Kommentar Psychostress im Job: Alptraum der Arbeitgeber
Die Sozialpolitiker der Parteien müssen sich endlich mit psychischem Stress am Arbeitsplatz beschäftigen. Denn in den Betrieben ist der Druck groß.
E s ist gut, dass fünf SPD-regierte Bundesländer am Freitag im Bundesrat den Entwurf einer Verordnung vorlegten, in dem das Thema psychische Belastungen am Arbeitsplatz präzisiert werden soll. Das 23-seitige Papier geht jetzt in den Bundestag. Es wird spannend zu beobachten sein, wie sich in einer Bundestagsdebatte die Sozialpolitiker der Regierungsparteien zu dem Entwurf verhalten.
In der Diskussion im Bundesrat jedenfalls ging interessanterweise keiner der christdemokratischen Redner auf das Papier ein. Die Union behandelt das Thema lieber wie ein rohes Ei, denn sie gerät damit in einen Konflikt zwischen den Interessen der Arbeitgeber und einer öffentlichen Meinung, die durchaus der Ansicht ist, dass die Frage der Stressbelastung im Job auf die politische Agenda gehört.
Und es steht nicht nur auf dem SPD-Papier, was Beschäftigte unter Druck setzt: Chronisches Multitasking ist Mist, ständiger Zeitdruck und monotone Tätigkeiten ebenso. Unklare Verantwortlichkeiten und zwingende Rufbereitschaft nach Feierabend auch.
Mit einer präzisen Verordnung zum Arbeitsschutzgesetz hätten Betriebsräte ein Instrument, die Mitarbeiter regelmäßig zu befragen, wie hoch sie diese Stressfaktoren vor Ort einschätzen. Das erzeugt Handlungsdruck im Betrieb. Denn was passiert, wenn die Belegschaft fast durchweg über die Arbeitsbedingungen klagt?
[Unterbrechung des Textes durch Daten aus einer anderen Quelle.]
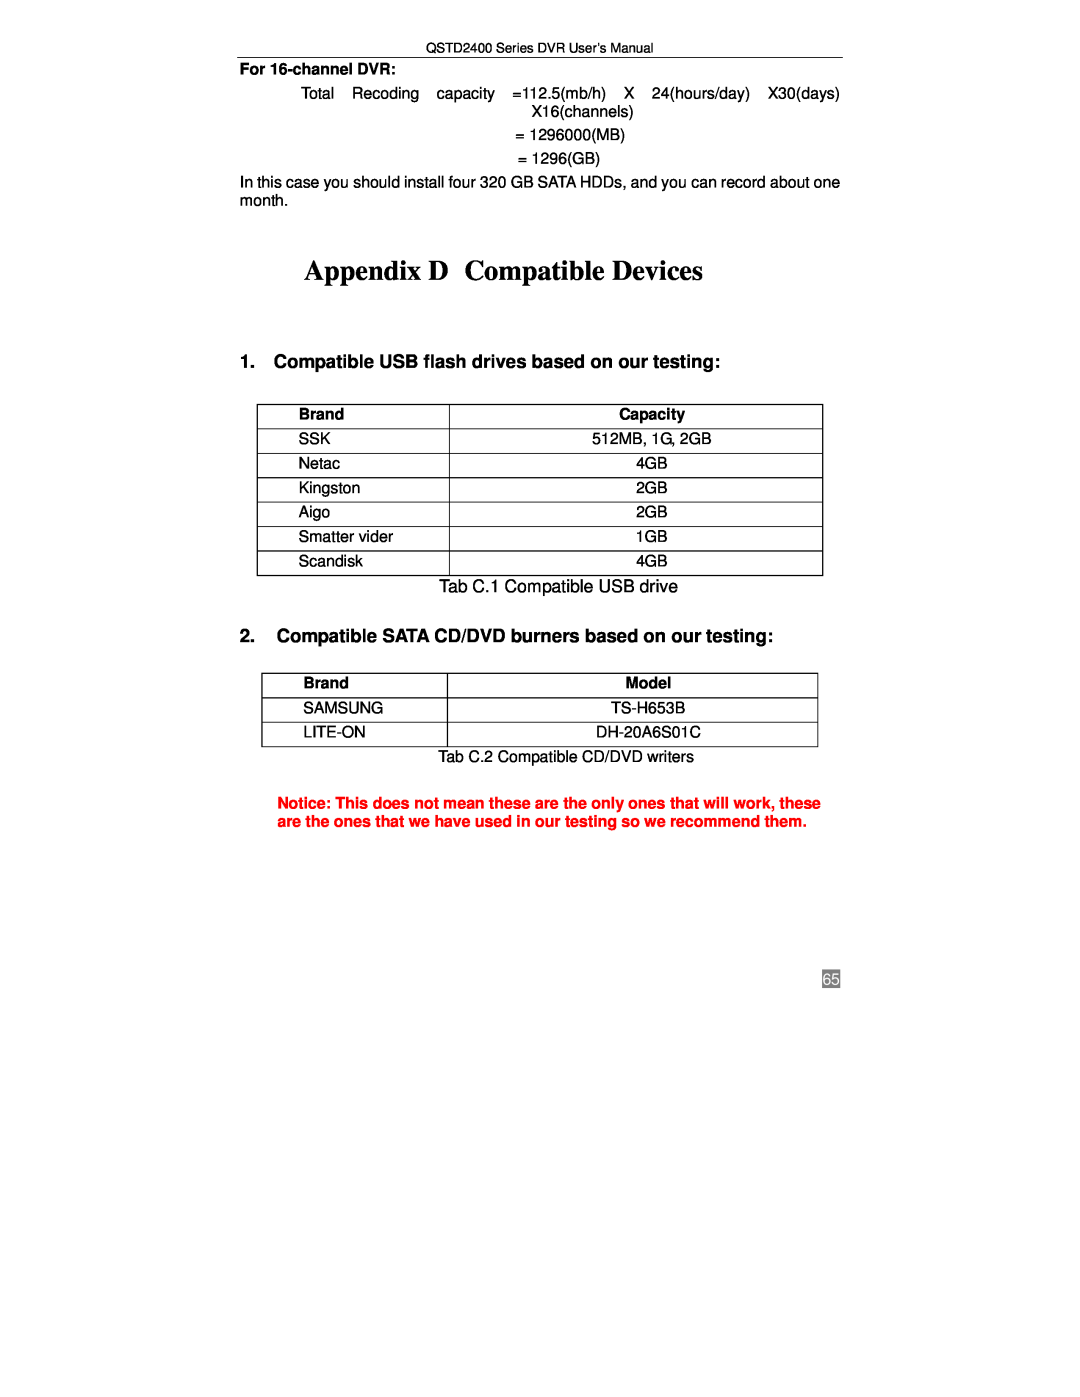 Q-See QSTD2416, QSTD2408, QSTD2404 user manual Appendix D Compatible Devices, Tab C.1 Compatible USB drive 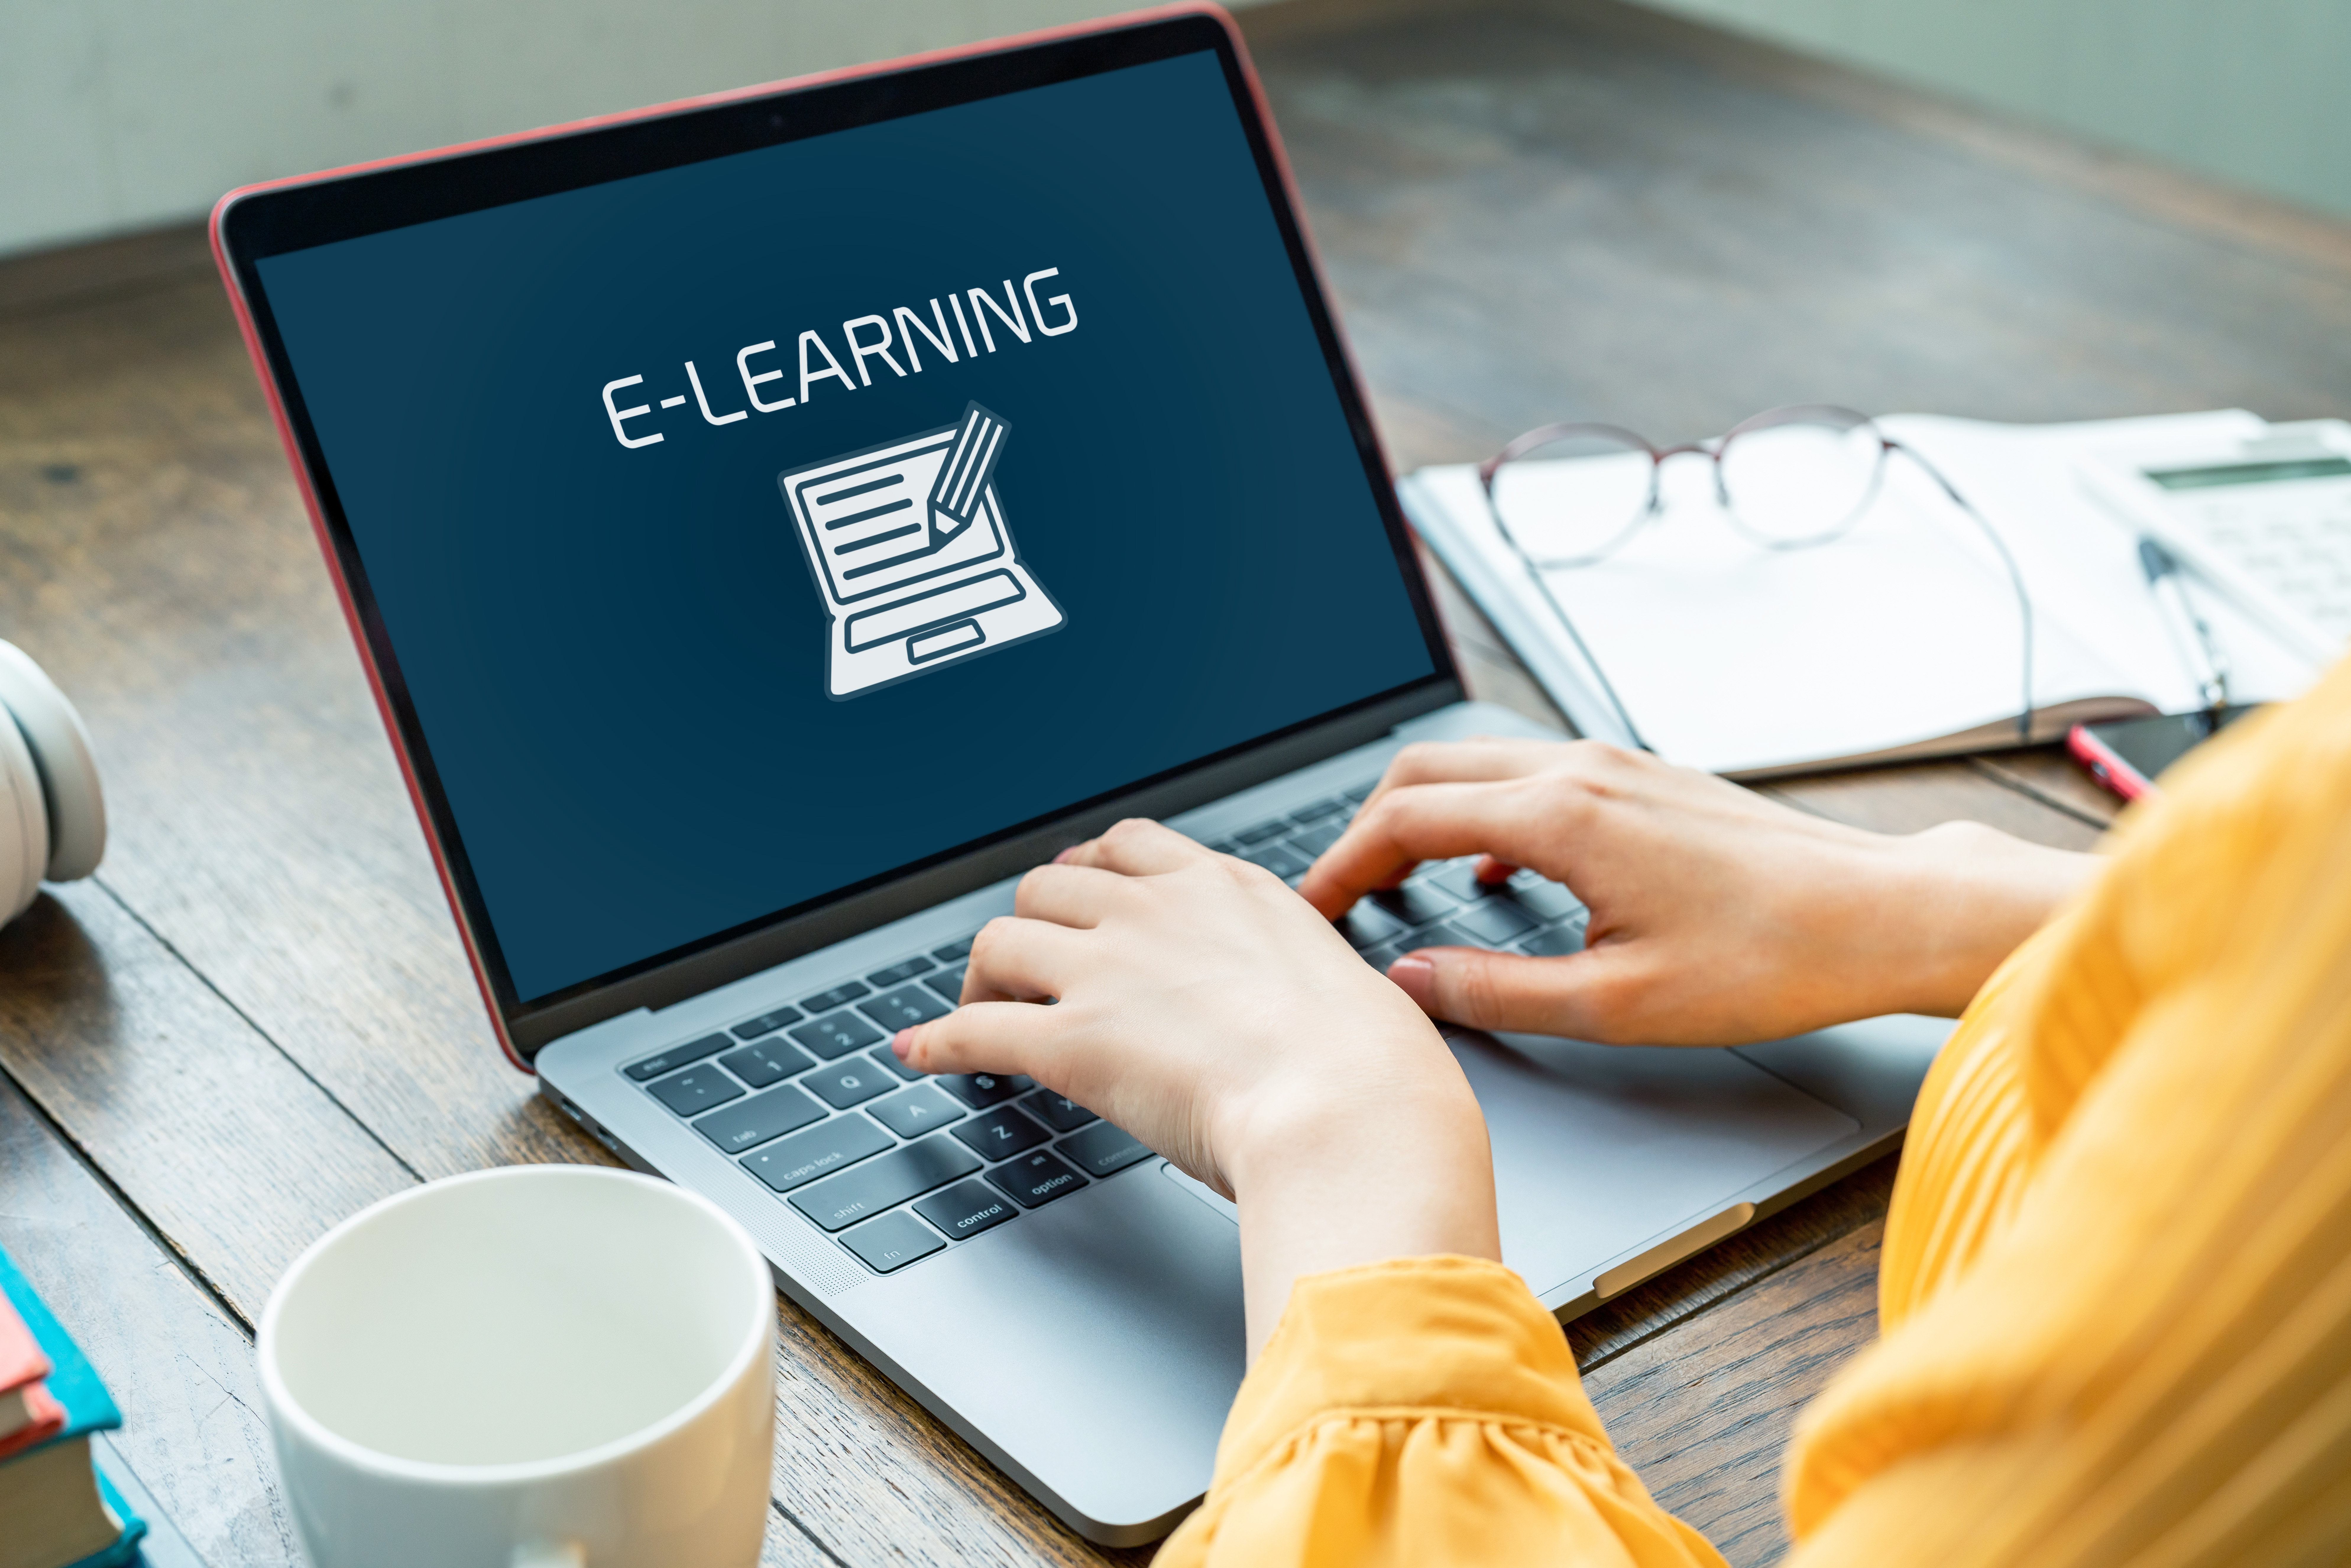 Wordpress компьютеры. Обучение в интернете картинки. Электронное обучение e-Learning. Интернет образование.

Abhilfe hat oft mit Kosten zu tun: In den von der IG-Metall unlängst vorgestellten "best practice"-Beispielen aus Betrieben wurde teilweise das Personal aufgestockt, weil die Belegschaft bestimmte Aufgaben nicht mehr bewältigen konnte.
Die Arbeitgeber haben jetzt die Befürchtung, dass ihnen bei der Gefährdungsbeurteilung die Maßstäbe aus der Hand genommen werden könnten. Psychische Belastungen sind schwerer zu normieren als die körperliche Beanspruchung beim Zementmischen. Das ist der Alptraum der Arbeitgeber: Betriebsräte, die aufgrund von Befragungen quasi als Co-Manager über die Personalausstattung mitbefinden oder die Abberufung von Abteilungsleitern wegen schlechter Führungsqualitäten fordern könnten.
Diese Konflikte muss man jedoch in Kauf nehmen, will man die Beurteilungen von psychischen Belastungen ernst nehmen. Und nicht nur als Modethema folgenlos verhandeln.